We can report on the accuracy of each model by first creating a list of the created models and using the summary function.
# summarize accuracy of models
results <- resamples(list(cart=fit.cart, knn=fit.knn, svm=fit.svm, rf=fit.rf))
summary(results)
##
## Call:
## summary.resamples(object = results)
##
## Models: cart, knn, svm, rf
## Number of resamples: 10
##
## Accuracy
## Min. 1st Qu. Median Mean 3rd Qu. Max. NA's
## cart 0.4808836 0.4948015 0.5095550 0.5070446 0.5145279 0.5424448 0
## knn 0.8581138 0.8649973 0.8696399 0.8702445 0.8732486 0.8837012 0
## svm 0.8071368 0.8285229 0.8398471 0.8386540 0.8551717 0.8581138 0
## rf 0.9872666 0.9893798 0.9910826 0.9914225 0.9938441 0.9957555 0
##
## Kappa
## Min. 1st Qu. Median Mean 3rd Qu. Max. NA's
## cart 0.3222774 0.3405656 0.3602228 0.3565816 0.3663887 0.4047856 0
## knn 0.8205567 0.8292003 0.8351034 0.8358497 0.8395636 0.8531256 0
## svm 0.7555647 0.7825658 0.7970345 0.7955157 0.8165723 0.8201732 0
## rf 0.9838910 0.9865619 0.9887224 0.9891495 0.9922122 0.9946311 0
dotplot(results)
fit.rf
## Random Forest
##
## 11776 samples
## 152 predictor
## 5 classes: 'A', 'B', 'C', 'D', 'E'
##
## No pre-processing
## Resampling: Cross-Validated (10 fold)
## Summary of sample sizes: 10598, 10599, 10598, 10599, 10597, 10599, ...
## Resampling results across tuning parameters:
##
## mtry Accuracy Kappa
## 2 0.8412042 0.7970340
## 77 0.9914225 0.9891495
## 152 0.9825901 0.9779762
##
## Accuracy was used to select the optimal model using the largest value.
## The final value used for the model was mtry = 77.
We can see that the most accurate model in this case was Random Forest using 77 out of the 152 variables.
To validate the model choice, we test the model by applying prediction one time to the test set.

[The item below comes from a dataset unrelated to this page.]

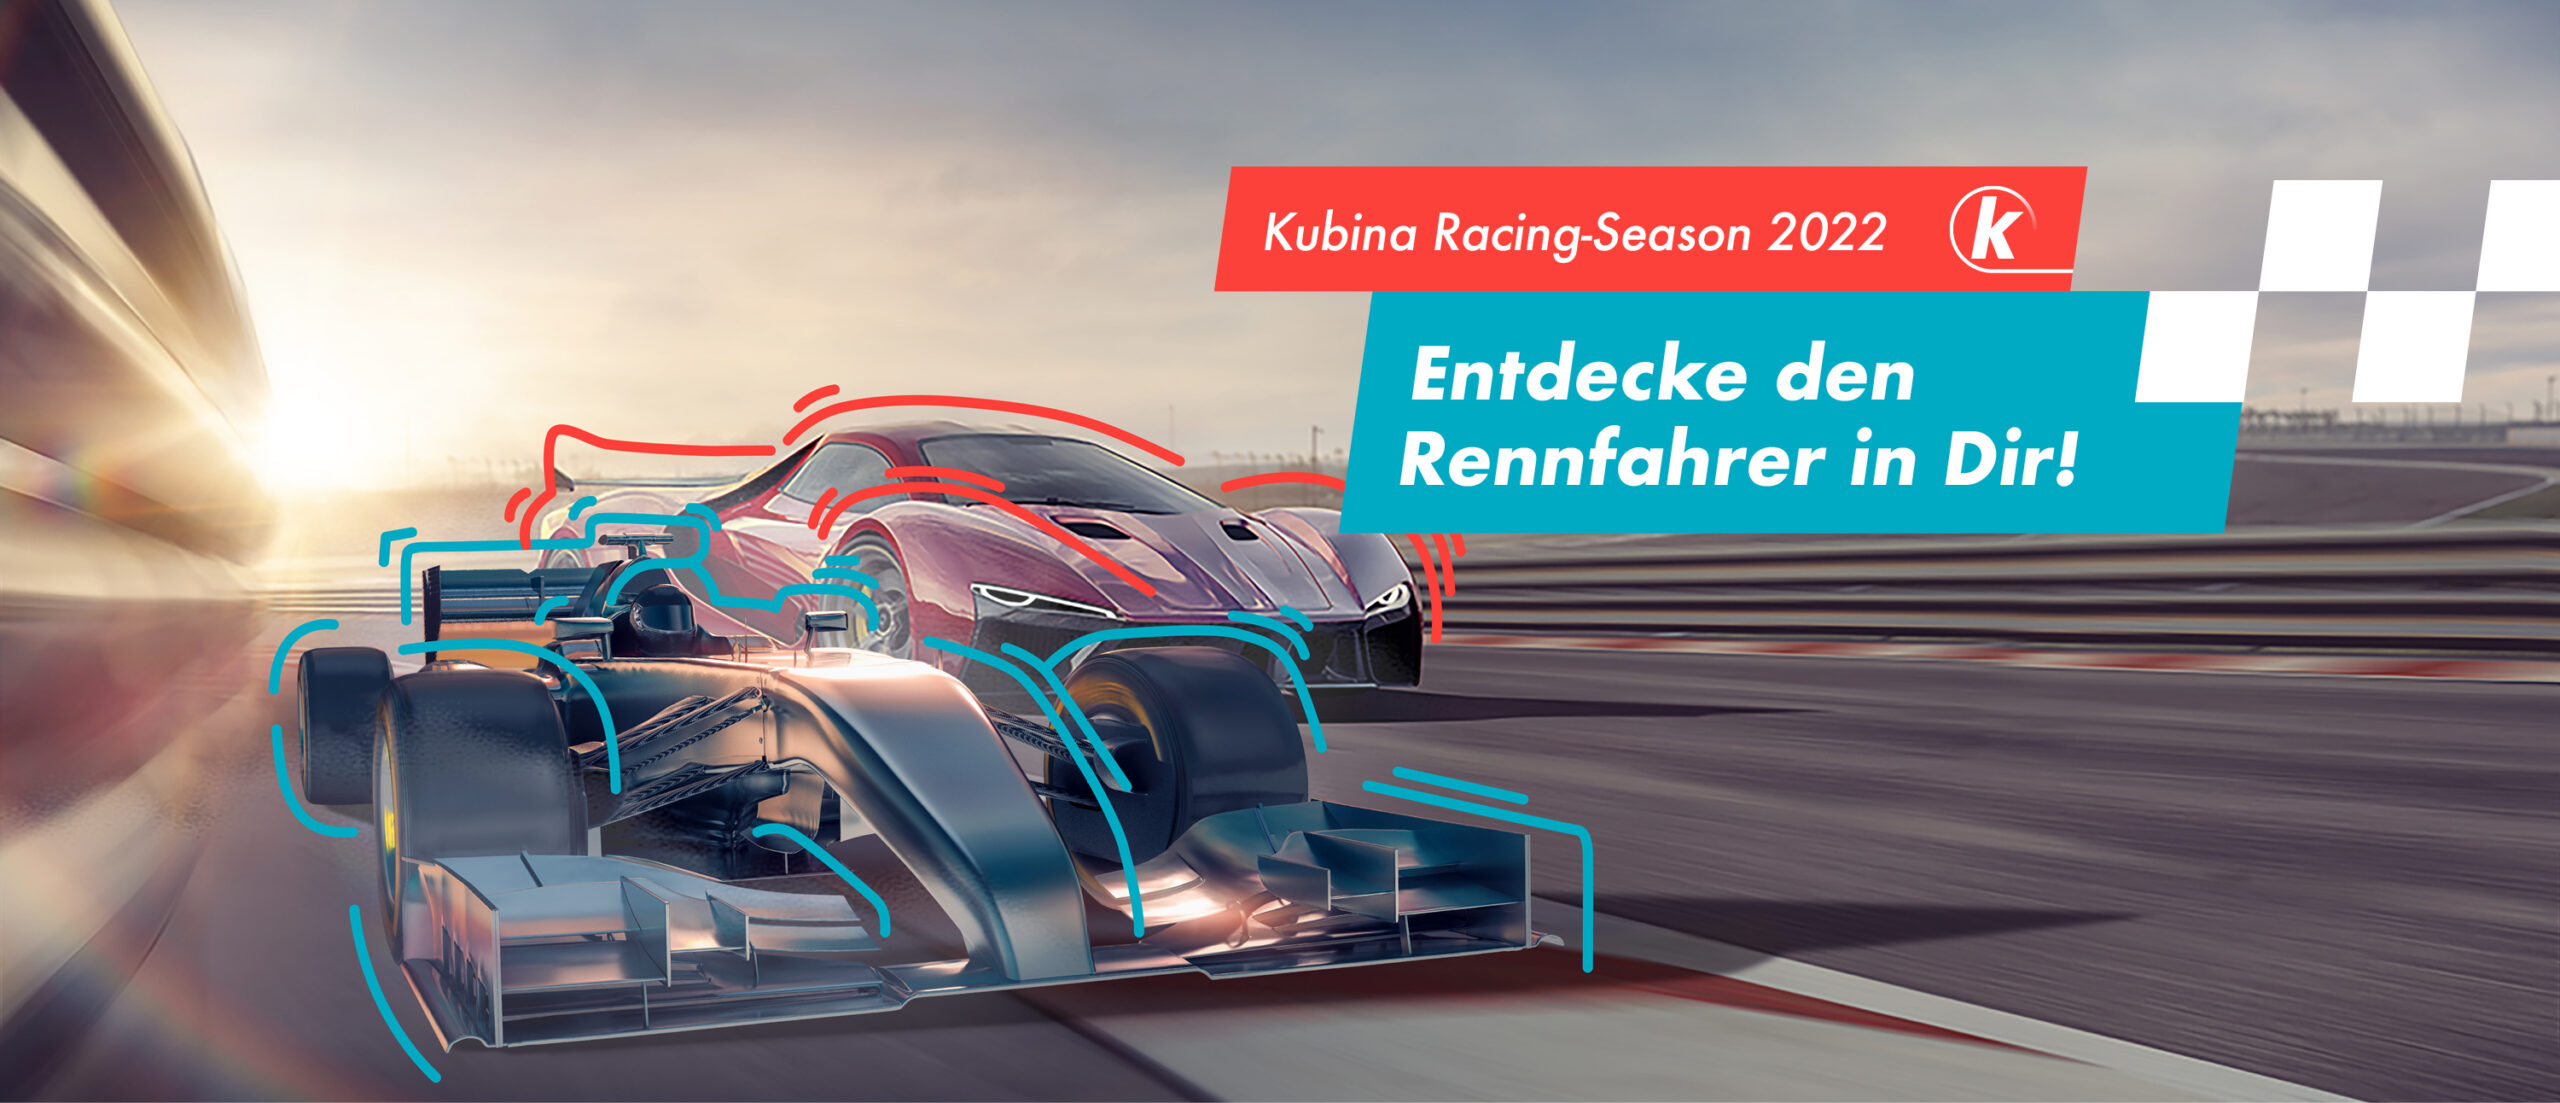 Kubina Racing Season 2022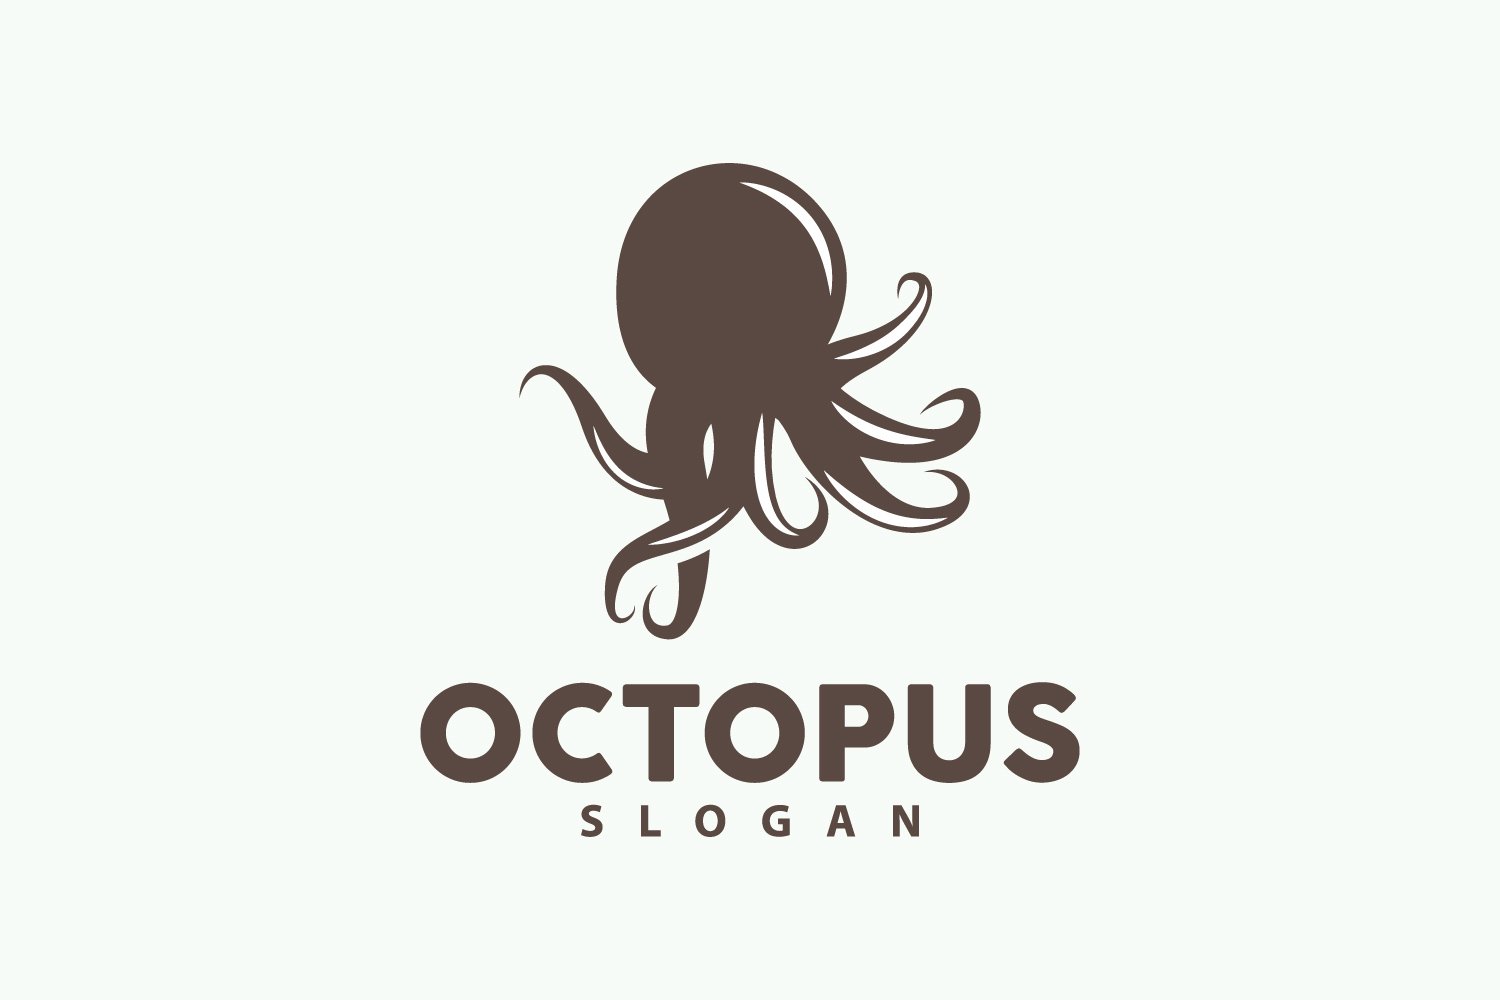 Octopus Logo Old Retro Vintage DesignV13

pred <- predict(fit.rf, testing)
testing$predRight <- pred==testing$classe
cmatrix <- confusionMatrix(table(pred, testing$classe))
cmatrix
## Confusion Matrix and Statistics
##
##
## pred A B C D E
## A 2231 7 0 0 0
## B 1 1509 0 0 0
## C 0 1 1364 3 0
## D 0 1 4 1283 2
## E 0 0 0 0 1440
##
## Overall Statistics
##
## Accuracy : 0.9976
## 95% CI : (0.9962, 0.9985)
## No Information Rate : 0.2845
## P-Value [Acc > NIR] : < 2.2e-16
##
## Kappa : 0.9969
##
## Mcnemar's Test P-Value : NA
##
## Statistics by Class:
##
## Class: A Class: B Class: C Class: D Class: E
## Sensitivity 0.9996 0.9941 0.9971 0.9977 0.9986
## Specificity 0.9988 0.9998 0.9994 0.9989 1.0000
## Pos Pred Value 0.9969 0.9993 0.9971 0.9946 1.0000
## Neg Pred Value 0.9998 0.9986 0.9994 0.9995 0.9997
## Prevalence 0.2845 0.1935 0.1744 0.1639 0.1838
## Detection Rate 0.2843 0.1923 0.1738 0.1635 0.1835
## Detection Prevalence 0.2852 0.1925 0.1744 0.1644 0.1835
## Balanced Accuracy 0.9992 0.9970 0.9982 0.9983 0.9993
The result shows an Accuracy of 0.9976 and Kappa of 0.9969, which aligns with the accuracy of our prediction with the training set.
From the confusion matrix, we know that the 95% confident interval of the Accuracy lies between 0.9896 and 0.9937, so we can be very confident that Random Forest prediction model is accurate.